[Python-ideas] Should our default random number generator be secure?

Tue Sep 15 13:41:30 CEST 2015

On Tue, Sep 15, 2015 at 1:45 AM, M.-A. Lemburg <mal at egenix.com> wrote:
> On 15.09.2015 09:36, Nathaniel Smith wrote:
>>
>> [Using empirical tests to check RNGs]
>>
>> Obviously the thing the scientists worry about is a *strict* subset of
>> what the cryptographers are worried about.
>
> I think this explains why we cannot make ends meet:
>
> A scientist wants to be able to *repeat* a simulation in exactly the
> same way without having to store GBs of data (or send them to colleagues
> to have them very the results).
>
> Crypto RNGs cannot provide this feature per design.
>
> What people designing PRNGs are after is to improve the statistical
> properties of these PRNGs while still maintaining the repeatability
> of the output.
>
>> This is why it is silly to
>> worry that a crypto RNG will cause problems for a scientific
>> simulation. The cryptographers take the scientists' real goal -- the
>> correctness of arbitrary programs like e.g. a monte carlo simulation
>> -- *much* more seriously than the scientists themselves do. (This is
>> because scientists need RNGs to do their real work, whereas for
>> cryptographers RNGs are their real work.)
>
> Yes, cryptographers are the better folks, understood.

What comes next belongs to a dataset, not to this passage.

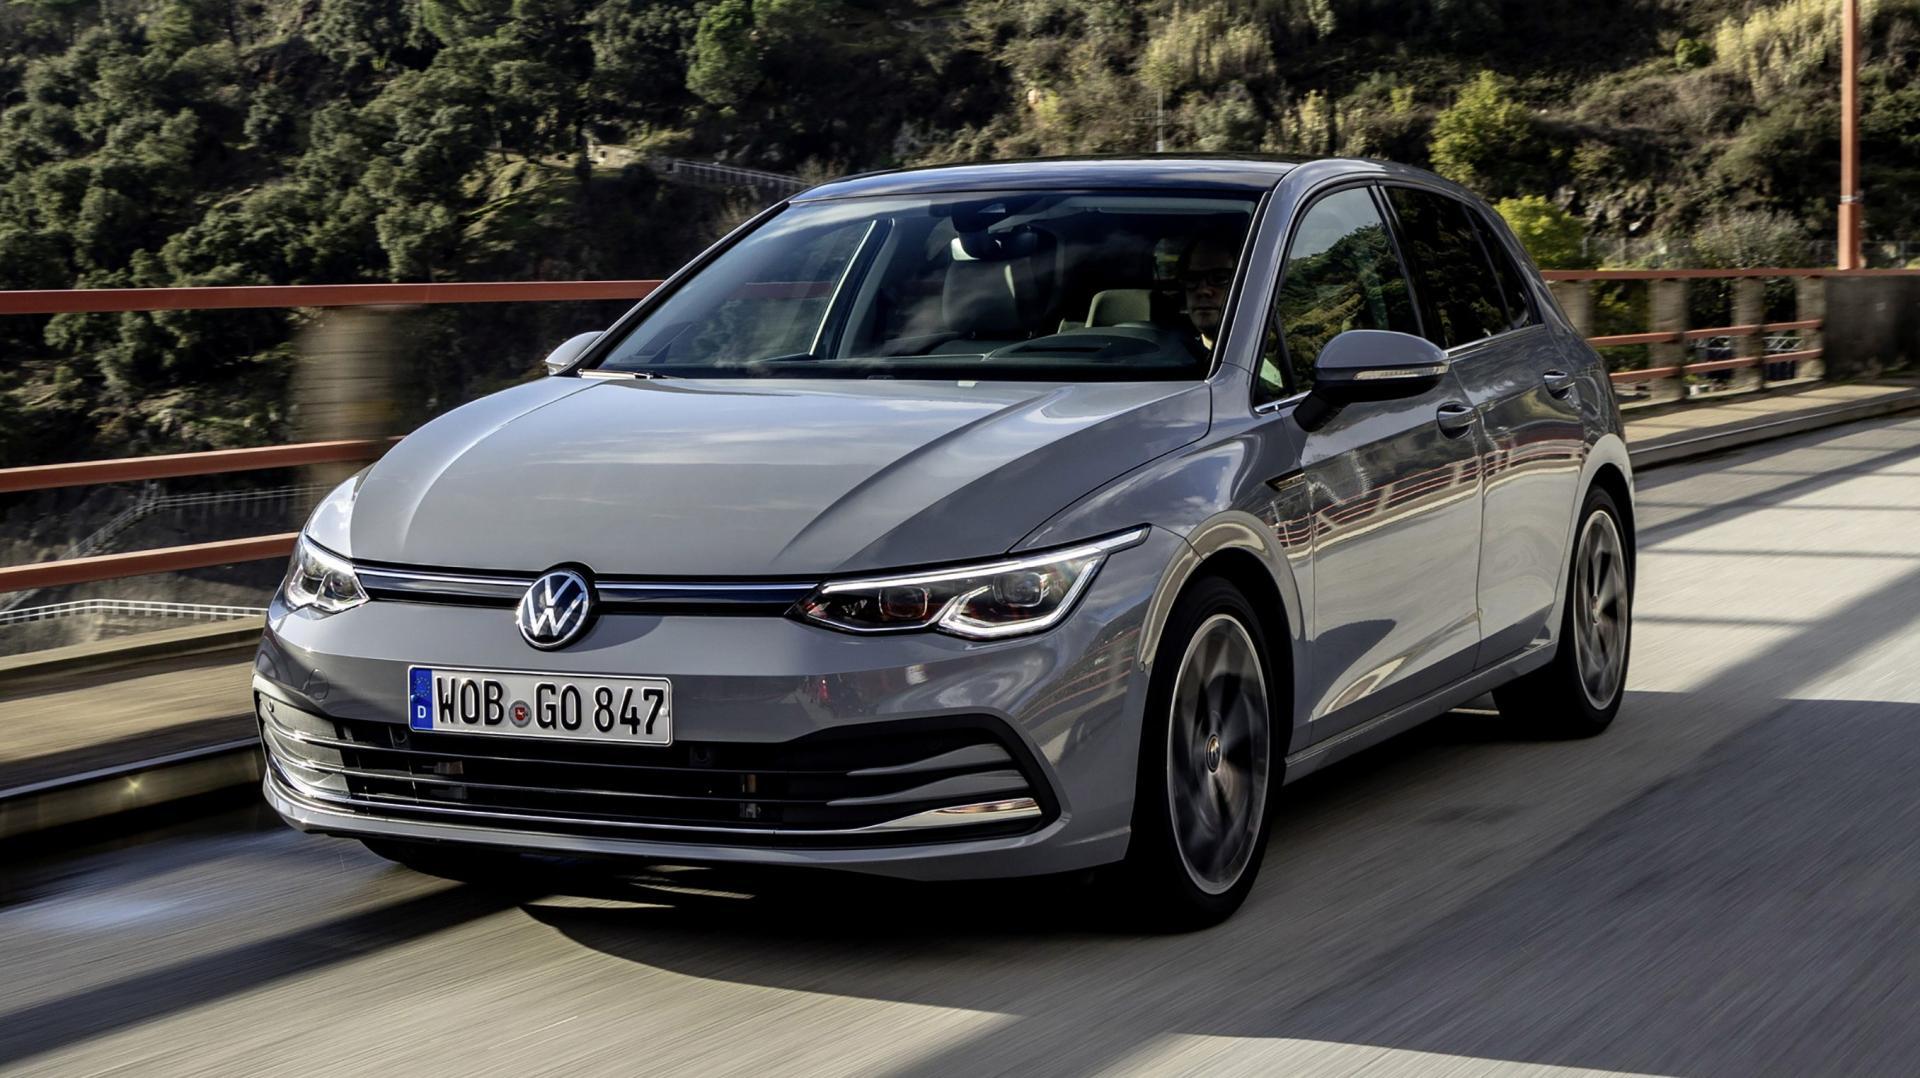 Volkswagen Golf 8 1.5 eTSI - test en specificaties ...

These arguments
> are not really helpful. They are not even arguments.

Err... I think we're arguing past each other. (Hint: I'm a scientist,
not a cryptographer ;-).)

My email was *only* trying to clear up the argument that keeps popping
up about whether or not a cryptographic RNG could introduce bias in
simulations etc., as compared to the allegedly-better-behaved Mersenne
Twister. (As in e.g. your comment upthread that "[MT] is proven to be
equidistributed which is a key property needed for it to be used as
basis for other derived probability distributions".) This argument is
incorrect -- equidistribution is not a guarantee that an RNG will
produce good results when deriving other probability distributions,
and in general cryptographic RNGs will produce as-or-better results
than MT in terms of correctness of output. On this particular axis,
using a cryptographic RNG is not at all dangerous.

Obviously this is only one of the considerations in choosing an RNG;
the quality of the randomness is totally orthogonal to considerations
like determinism.

(Cryptographers also have deterministic RNGs -- they call them "stream
ciphers" -- and these will also meet or beat MT in any practically
relevant test of correctness for the same reasons I outlined, despite
not being provably equidistributed. Of course there are then yet other
trade-offs like speed. But that's not really relevant to this thread,
because no-one is proposing replacing MT as the standard deterministic
RNG in Python; I'm just trying to be clear about how one judges the
quality of randomness that an RNG produces.)

-n

-- 
Nathaniel J. Smith -- http://vorpus.org